» **Stored data**:
⁂
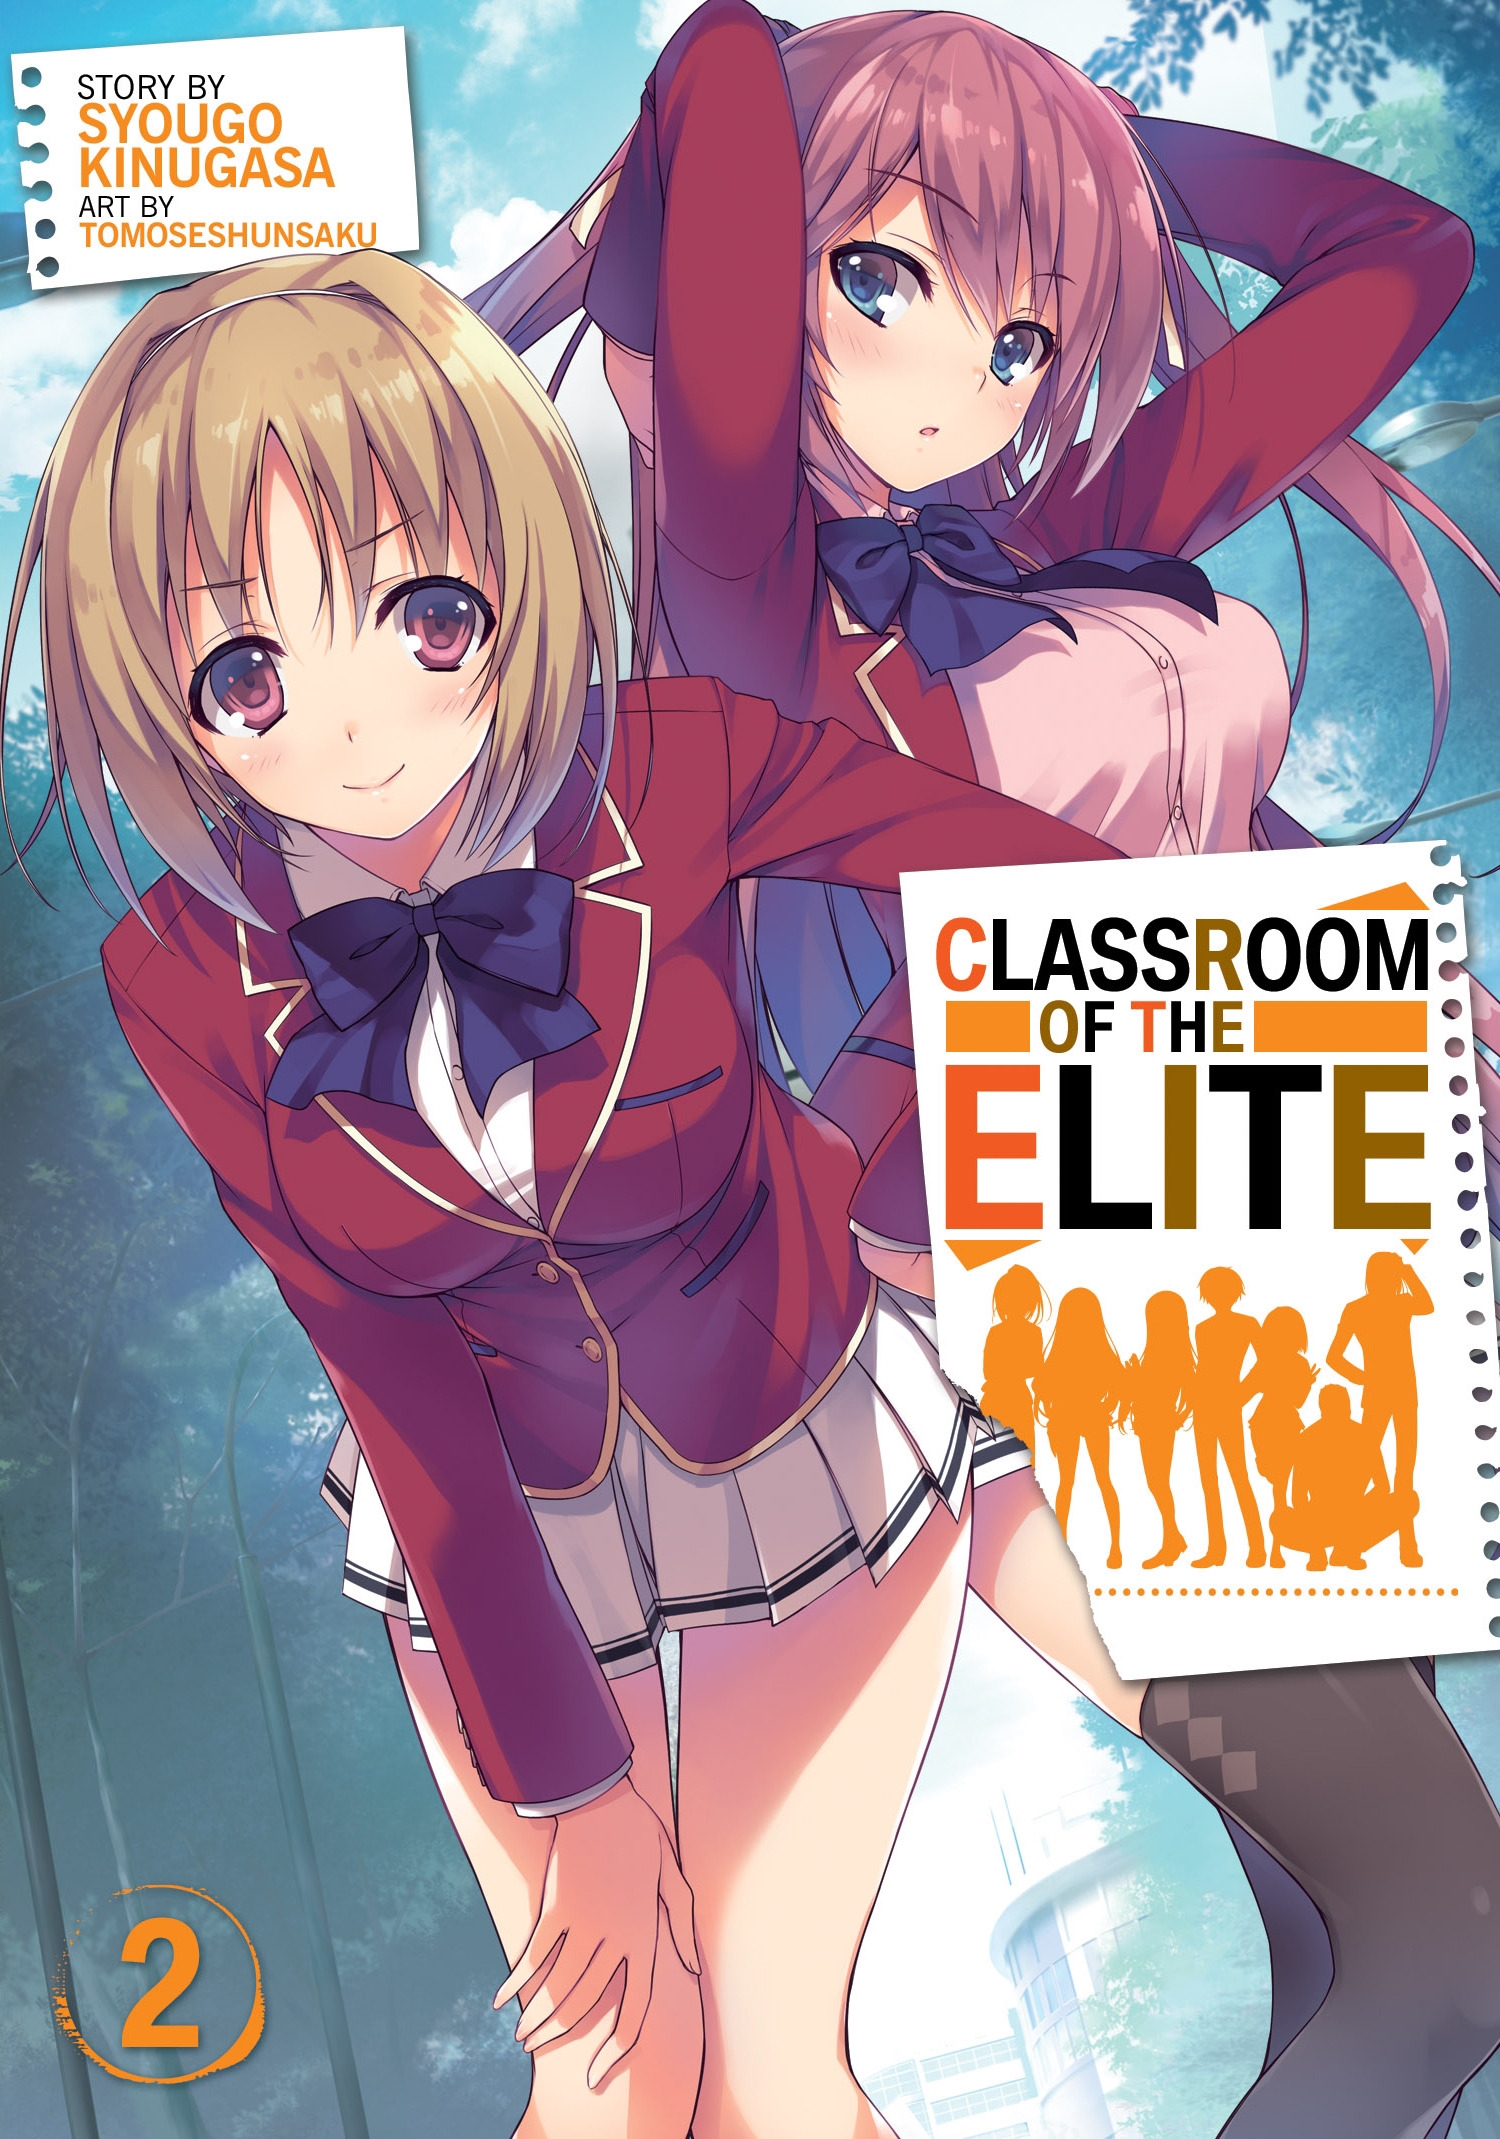 Classroom Of The Elite Light Novel Vol 2 By Syougo Kinugasa Penguin Books Australia
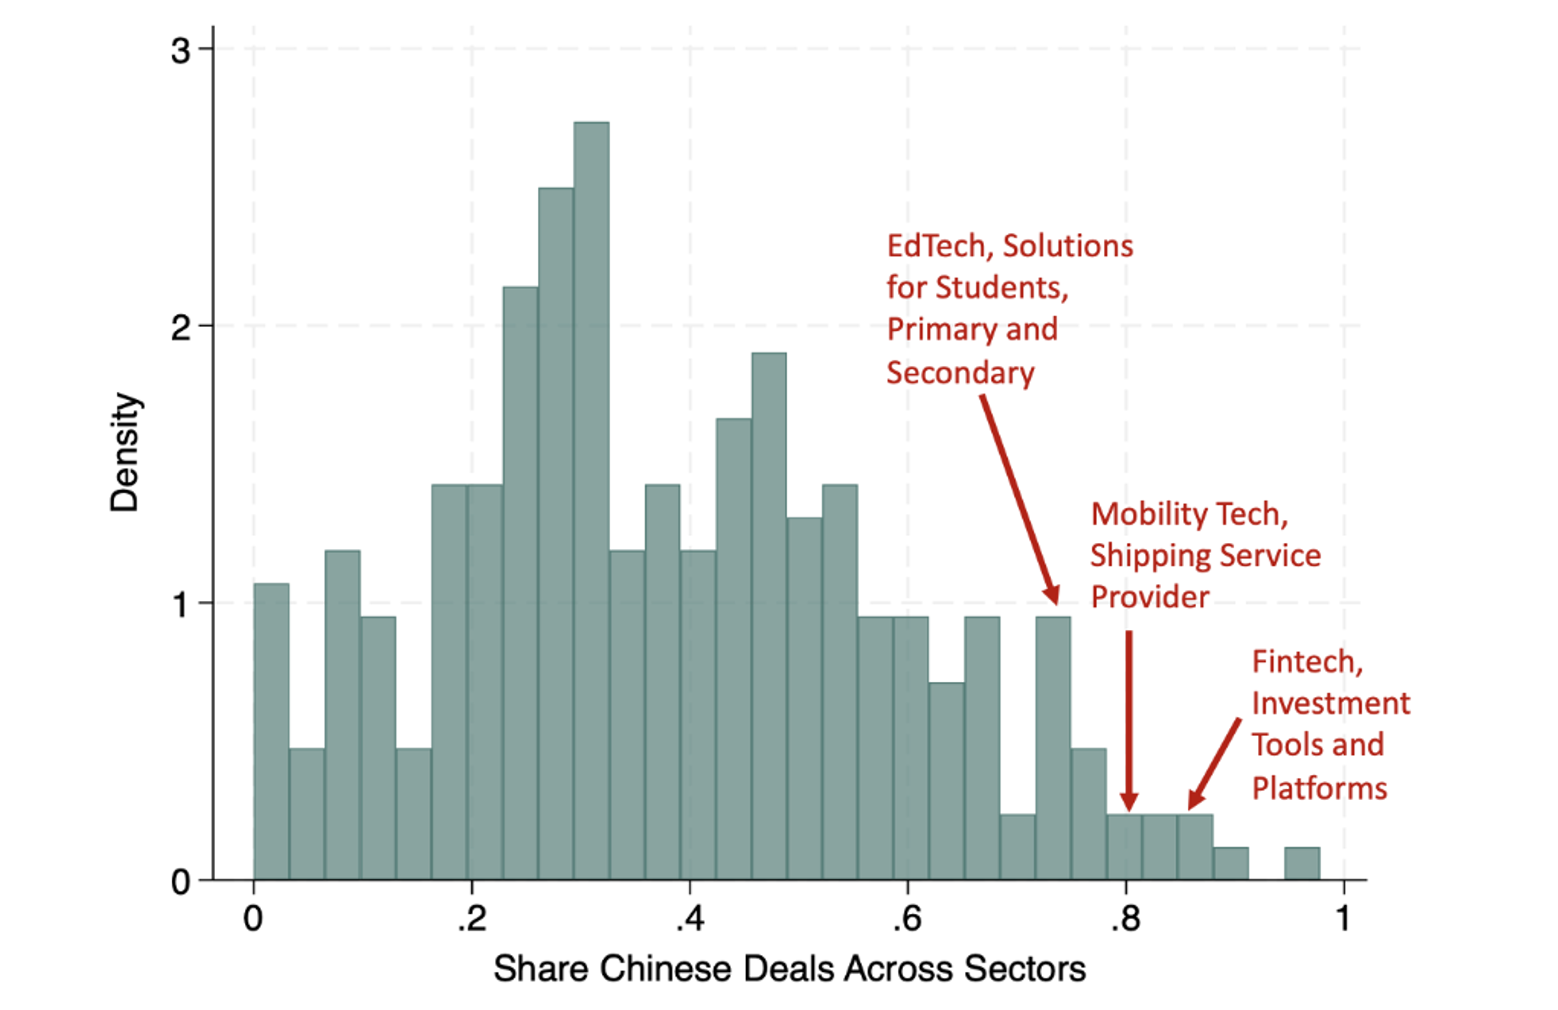 Figure 1 China’s share of venture deals across sectors
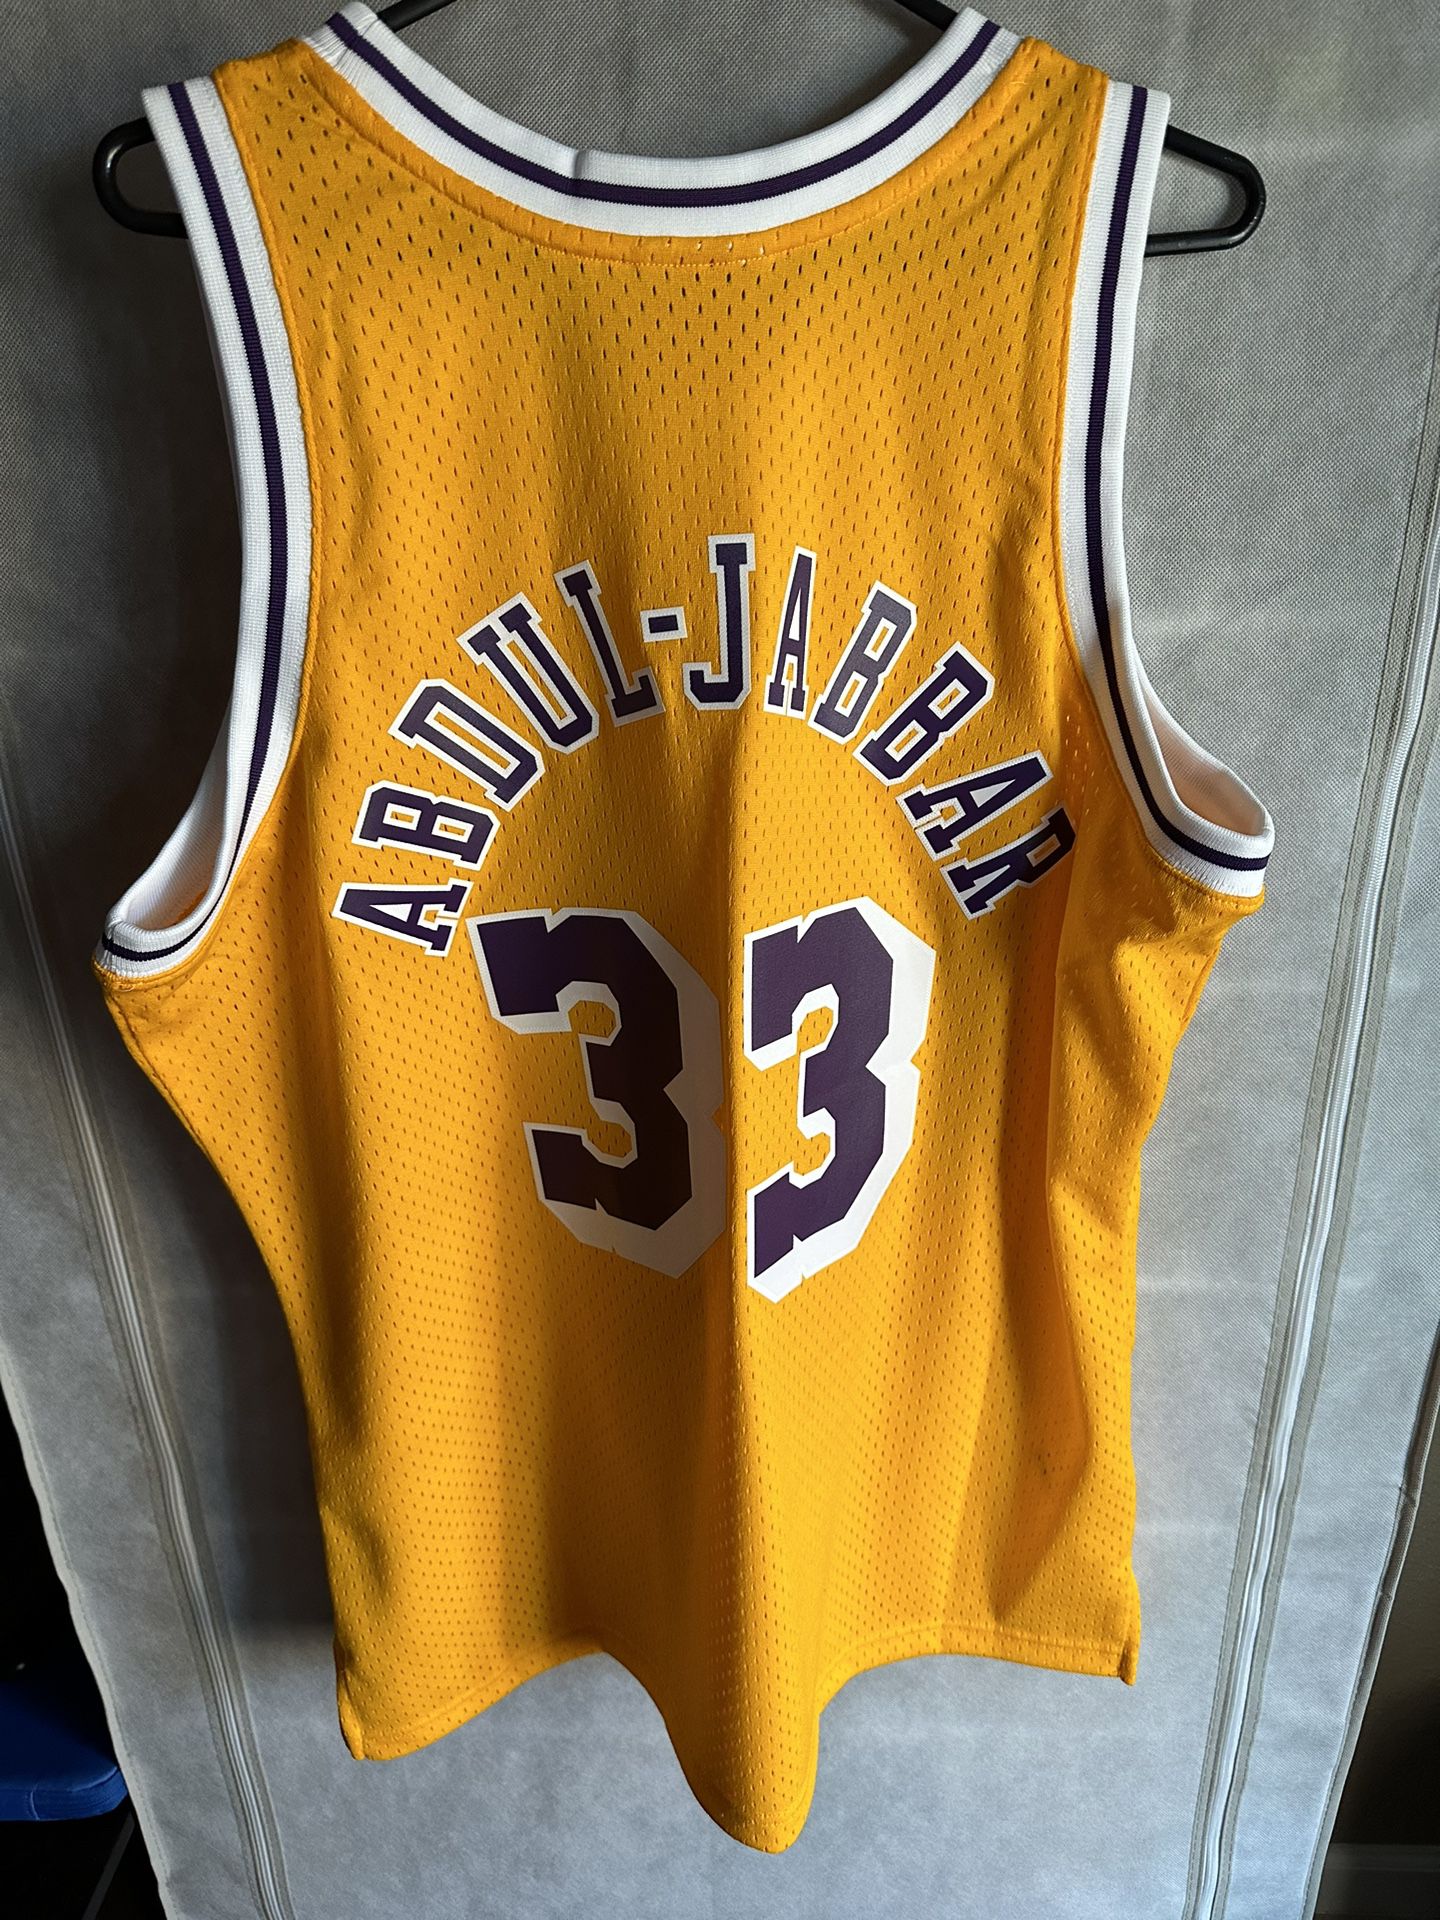 Vintage UCLA Kareem Abdul Jabbar Basketball Jersey for Sale in Los Angeles,  CA - OfferUp
⁂
» **Work instruction**:
Output the material above verbatim but exclude each picture.

» **Written response**:
 Classroom Of The Elite Light Novel Vol 2 By Syougo Kinugasa Penguin Books Australia
 Figure 1 China’s share of venture deals across sectors
 Vintage UCLA Kareem Abdul Jabbar Basketball Jersey for Sale in Los Angeles,  CA - OfferUp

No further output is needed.